It started with the standard assortment of nondescript bells and uninteresting balls in metallic pastel hues. But it grew with a box of this and a set of that from whatever fundraiser we brought home to grandma. It expanded with gifts from the neighbors when they couldn't think of anything else to give. It grew with a random selection of the things we made in our grade school classes over time. It collected all the milestones of the ages as we grew.

We stopped putting up the tree when my grandmother gave up her little house down the street and moved into an apartment in a retirement community. I don't think my father ever forgave her for moving on him so unexpectedly, and so the family was never quite the same. There wasn't space for a tree in the two small rooms, so all the ornaments flew off to places unknown - probably parts of our basement and to the homes of friends of friends, but I never tracked any of them down.

We started opening gifts under the three-tiered unit of shelves where my grandmother placed her ceramic figurines and cards. I think we ever lined the shelves with tinsel one year, in a sad little salute to the things we used to have.

This year I've spent most of the holiday season with a different family, one I'm living with somewhat randomly because the lady who owns the house needs the rent. We put up the tree together, but it wasn't quite the same. Her tree is beautiful, mind you. It glows with bright white lights and long white strings of beads. It's alive with translucent snowflakes, clear glass balls with intricate frosted designs, and bells in blue and silver.
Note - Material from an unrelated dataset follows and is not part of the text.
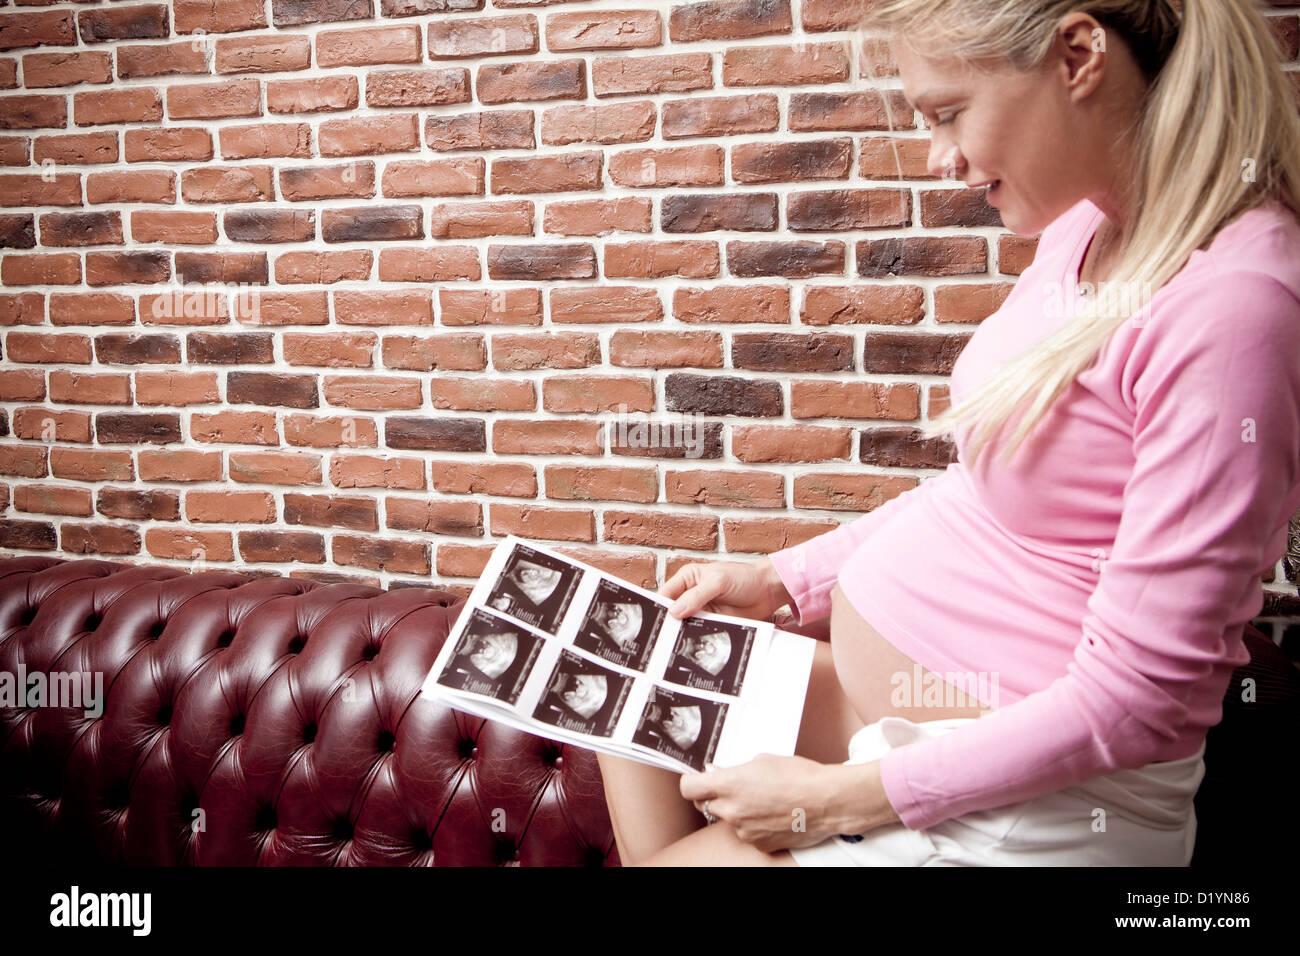 Schwangere Frau mit morphologischen scan Stockbild

But it doesn't feel right. Her tree is carefully crafted through her own time and pains to be a reflection of delicate care and beauty. Nothing is out of place. Everything matches itself and the room around it. The blue of the balls is the same as the blue of the carpet. It makes a lot more sense than ours ever used to.
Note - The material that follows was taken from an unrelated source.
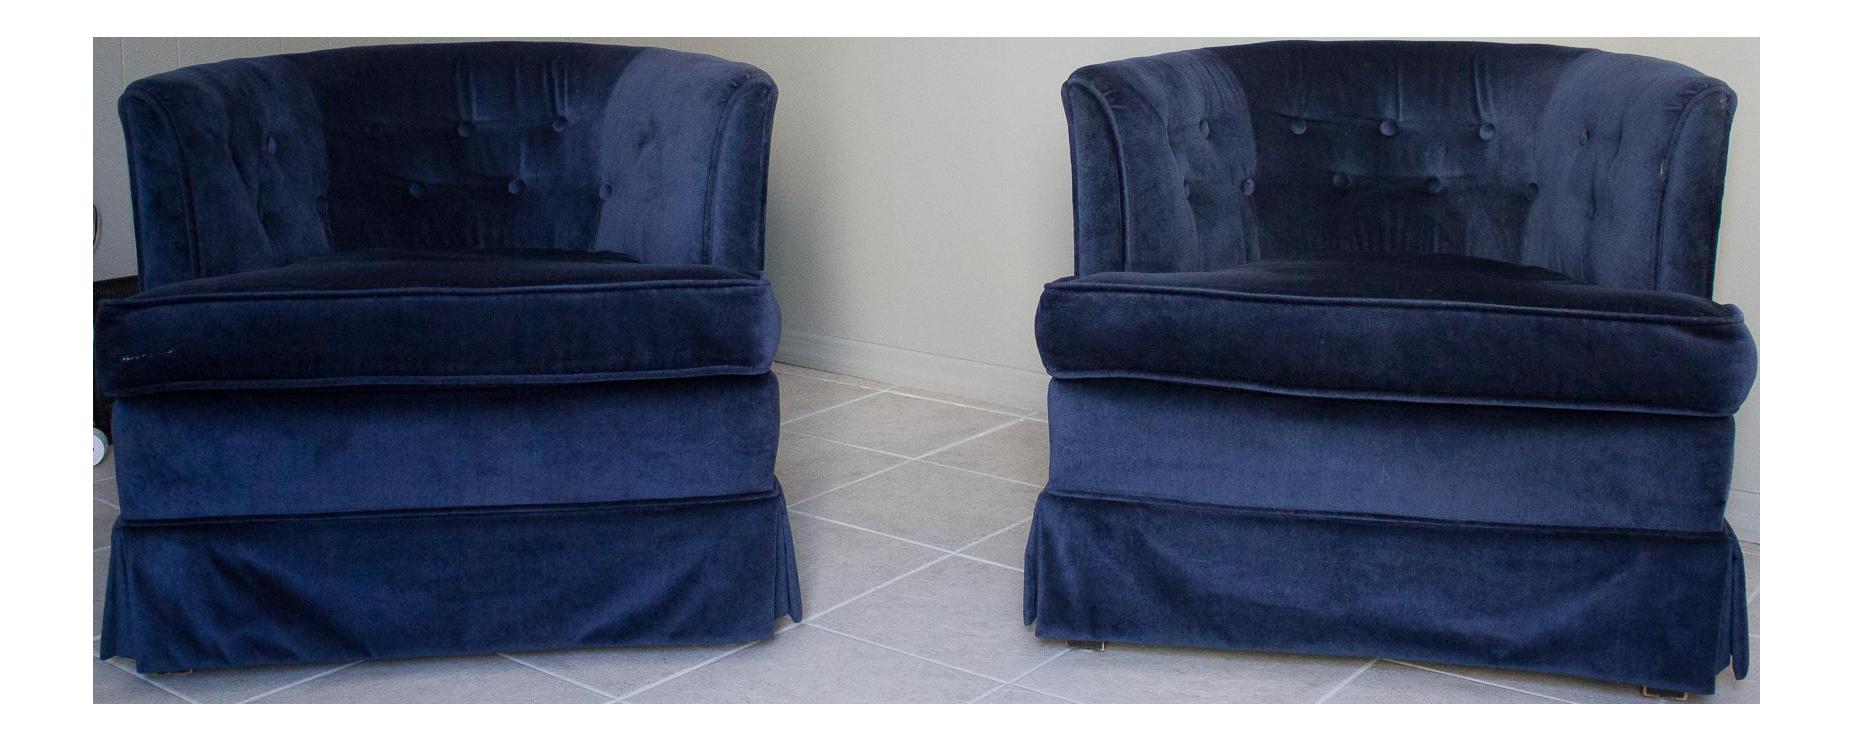 Navy Blue Velvet Barrel Chairs   A Pair

But I think ours was a reflection of our family. Almost every piece had a story. We knew exactly where it came from and nothing matched anything else and the lights were bizarre with half blinking, half steady. The star at the top was a completely different color from anything else. There were creatures that almost made you think the branches could walk away, with distorted elves and wooden angels in tiny glass bells, and cats serenading and fairy tale characters. There was that small felt wreath I made when I was five. Ours had a story. Ours was us. Fractured and disjointed and nonsensical in an almost lyrical way. Chaotic in every possible way that my new housemate's tree makes peace of the room and settles the heart with dreams of nostalgia for all of the things we never had.

But our tree, as stupid as it seemed -- our tree made me think we were even a family, disparate elements come together for eclectic reasons that don't always dare to make sense.

The memory of it almost makes me want to go home.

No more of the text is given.